Babies learn by exploring their environment.
Babies learn about how the world works by grabbing, banging, dropping and throwing. They are naturally curious and will crawl or walk towards anything of interest — even if it’s fragile or dangerous. This information becomes what they know.
Babies test what they know by trying things again and again.
They start with a question about something they know, like “Will that spoon go clank if I drop it again?” Babies are like miniature scientists, testing their ideas or theories. Researchers call this process “hypothesis testing.”
Here’s how a baby tests things out.
(While babies can’t think in words, this is their thought process.)
“I see a mobile hanging above my crib.”
“Can I make that mobile move?”
“Yes! I moved the mobile with my foot.”
“I think that if I kick the mobile, it will move.”

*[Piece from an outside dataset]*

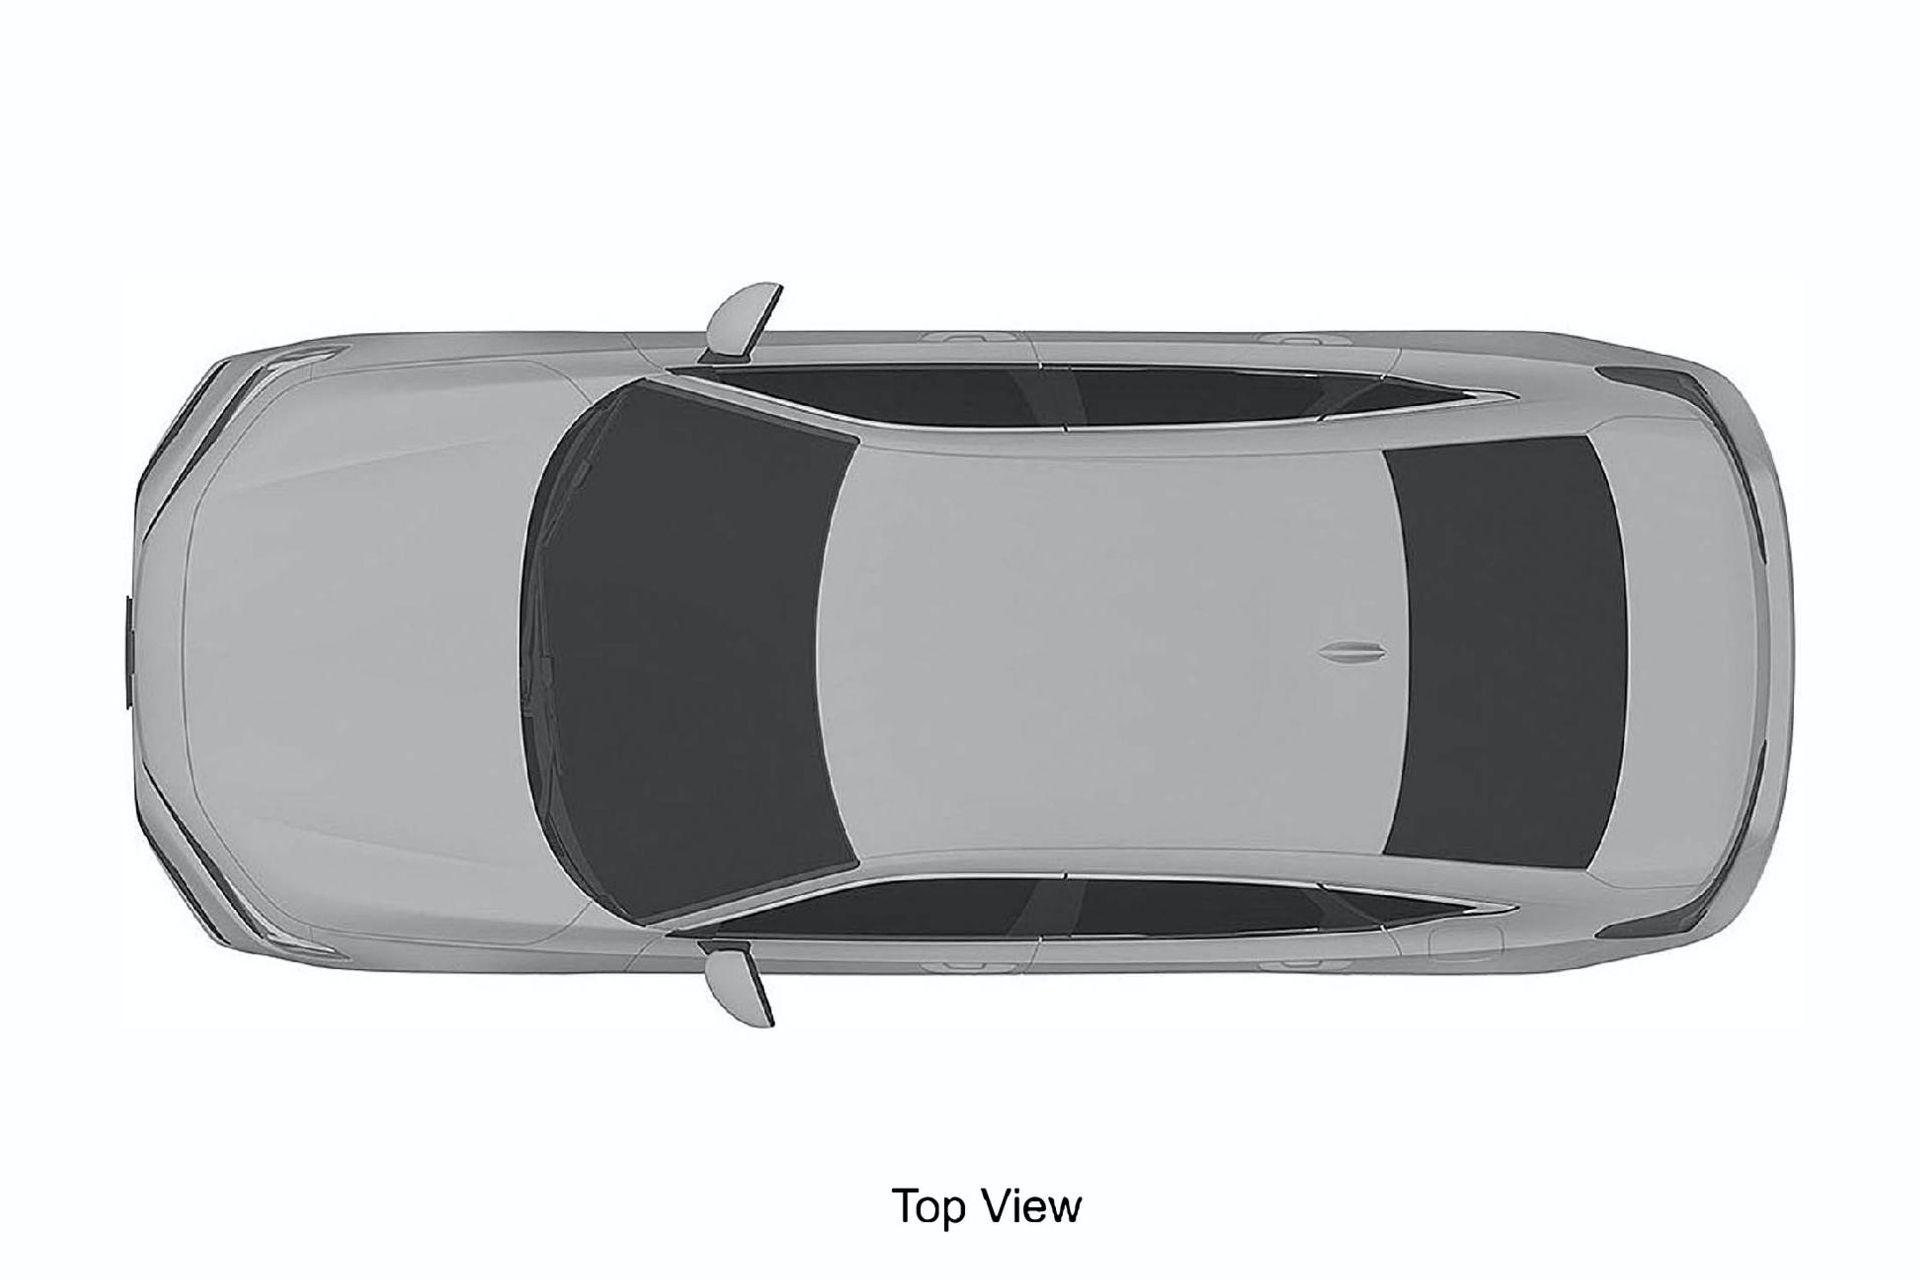 2022-Honda-Civic-Sedan-patent-images-7

“I will test this idea by kicking it again. And again!”
“I’ve learned how to make the mobile move. I will kick it again!”
One discovery leads to more testing.
Once a baby learns how to make one thing happen, he wants to make everything happen. And with every new discovery, he needs to test it out again. “If I pour the water, the table will get wet. If I throw the ball, Mommy will throw it back.” Like scientists, the more kids experiment, the more they learn.
Childproofing your house makes (most) testing safe.
Babies are not born understanding the dangers of their environment. It’s your job to make their environment safe and fun to explore. You also need to show your baby what is safe to test, and what is not.
Encourage your baby to test and watch him learn!
Give your baby plenty of free time on the floor to explore, test and learn about the world. Applaud his discoveries. How you respond to testing will encourage or discourage your baby’s learning about his world. Join in the test, even if it means playing peek-a-boo over and over again.